2Cancer Research Institute, College of Medicine, The Catholic University of Korea, Seoul, Korea

3Department of Pathology, Seoul National University Bundang Hospital, Seoul National University College of Medicine, Seongnam, Korea

4Department of Pathology, Ajou University School of Medicine, Suwon, Korea

5Department of Pathology and Thyroid Disease Center, Izumi City General Hospital, Izumi, Japan

Corresponding Author: Chan Kwon Jung, MD, PhD Department of Pathology, Seoul St. Mary’s Hospital, College of Medicine, The Catholic University of Korea, 222 Banpo-daero, Seocho-gu, Seoul 06591, Korea Tel: +82-2-2258-1622, Fax: +82-2-2258-1627, E-mail: ckjung@catholic.ac.kr
• Received: April 23, 2020   • Accepted: April 29, 2020

© 2020 The Korean Society of Pathologists/The Korean Society for Cytopathology

This is an Open Access article distributed under the terms of the Creative Commons Attribution Non-Commercial License (http://creativecommons.org/licenses/by-nc/4.0) which permits unrestricted non-commercial use, distribution, and reproduction in any medium, provided the original work is properly cited.

Three cases of noninvasive encapsulated papillary RAS-like (NEPRAS) thyroid tumor are reported in this issue [1]. The term “NEPRAS” was first used by Ohba et al. in 2019 [2] to designate a noninvasive thyroid tumor showing a complete fibrous capsule, a predominantly papillary architecture, and RAS mutation but with subtle nuclear features of papillary thyroid carcinoma (PTC) (Fig. 1). The tumor was considered a borderline thyroid tumor that showed a predominantly papillary structure. The name and concept of “NEPRAS” tumors were proposed as a counterpart of noninvasive follicular thyroid neoplasm with papillary-like nuclear features (NIFTP) having a predominantly follicular architecture. NEPRAS is different from follicular adenoma with papillary hyperplasia because of the appearance of nuclear features of PTC (Fig. 2). The distinction between NEPRAS and NIFTP is based on the presence of papillary structure in NEPRAS tumors (Table 1). NEPRAS tumors with RAS mutations or other RAS-like mutations are different from encapsulated classic PTCs in that classic PTCs typically harbor the BRAF V600E mutation.

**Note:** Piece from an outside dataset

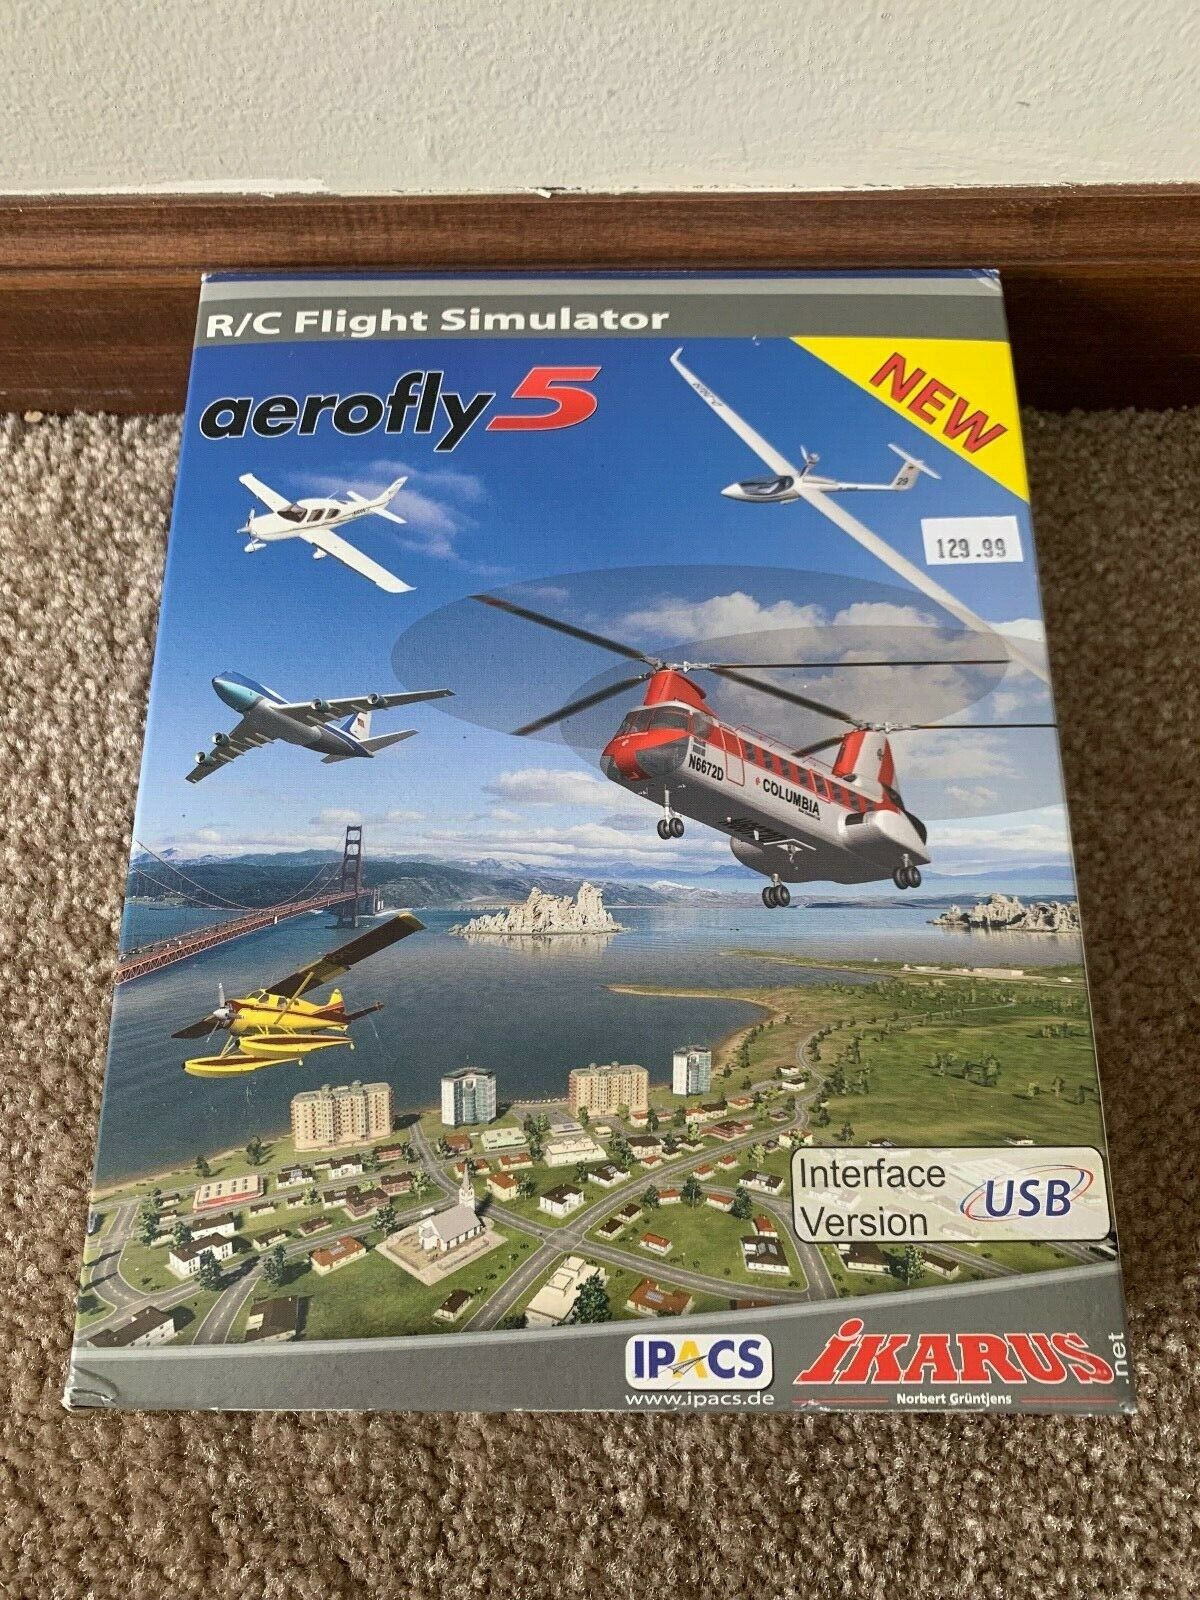 nuovo  Ikarus Aerofly 5 volo Simulator for Windows USB-Interface Version  fabbrica diretta

Therefore, in the diagnostic schema recommended by the World Health Organization (WHO) classification of thyroid tumors, pathologists might have variably classified these noninvasive encapsulated tumors as either benign follicular adenoma or encapsulated PTC depending on the subjective judgment of nuclear features.
The 2017 WHO classification newly adopted a borderline tumor of the thyroid [3]. Encapsulated follicular-patterned thyroid tumors with borderline behavior include follicular tumor of uncertain malignant potential (FT-UMP), well-differentiated tumor of uncertain malignant potential (WDT-UMP), and NIFTP [3]. FT-UMP has round nuclei that lack PTC-type nuclear features, whereas WDT-UMP and NIFTP share the nuclear features of PTC, including a nuclear score of 2 or 3 on a three-point scoring scale [3]. Although encapsulated follicularpatterned lesions are well defined by the WHO classification, there is a lack of consensus on encapsulated papillary-patterned thyroid tumors that demonstrate subtle nuclear changes. Many diagnostically controversial cases exhibit subtle nuclear features, such as a nuclear score of 2, and therefore pose challenges for accurate diagnosis.
Pathologic diagnosis of a thyroid tumor is fundamentally dependent on pathologists’ knowledge and experience in interpreting microscopic findings [4-8]. Due to variable application of loose or strict criteria in assessing the nuclear features of PTC and its invasion of the tumor capsule and vessels, there is discrepancy in diagnosis of encapsulated/well-circumscribed thyroid tumors among pathologists [6-9]. Noninvasive encapsulated papillary-patterned thyroid tumor is diagnosed as encapsulated classic PTC if nuclear features of the tumor are interpreted as nuclear score of 3. However, diagnostic challenges may arise in cases with subtle nuclear changes. In Western practice, equivocal nuclear changes are more easily interpreted as PTC-type nuclear features, whereas most Asian pathologists agree that such nuclear features are insufficient for diagnosis of PTC [10]. As a result, the same tumor can be diagnosed as a follicular adenoma by certain pathologists who apply more stringent criteria for diagnosis of PTC.
RAS-mutated thyroid tumors demonstrate different histology and biological behavior than tumors with BRAF V600E mutation [11]. RAS or other RAS-like mutations are frequently found in follicular adenoma, NIFTP, and follicular carcinoma with a similarity in the possible spectrum of mutations [12-14]. In PTCs, two molecular subtypes, BRAF V600E-like and RAS-like types, were proposed by the Cancer Genome Atlas (TCGA) project [11]. Follicular-patterned PTCs typically carry RAS-like mutations, including RAS mutations, whereas PTCs with papillary architecture have BRAF V600E or other BRAF-like mutations. However, this rule does not apply in all cases. RAS-like mutations can be found in PTCs with papillary architecture. In the TCGA dataset [11], of 250 classic PTCs with molecular classification data, 43 (17.2%) had an RAS-like molecular signature, while 16 (6.3%) had RAS mutations. Noninvasive encapsulated papillary-patterned tumor can also demonstrate PTC-like nuclear features and RAS mutations. The tumor was previously classified either as encapsulated classic PTC if it had a nuclear score of 2–3 or as follicular adenoma with papillary hyperplasia if it had a nuclear score of 0 or 1 according to the WHO classification [3]. However, the new diagnostic term “NEPRAS” can reclassify a subset of noninvasive encapsulated papillary-patterned tumors as borderline tumors [2].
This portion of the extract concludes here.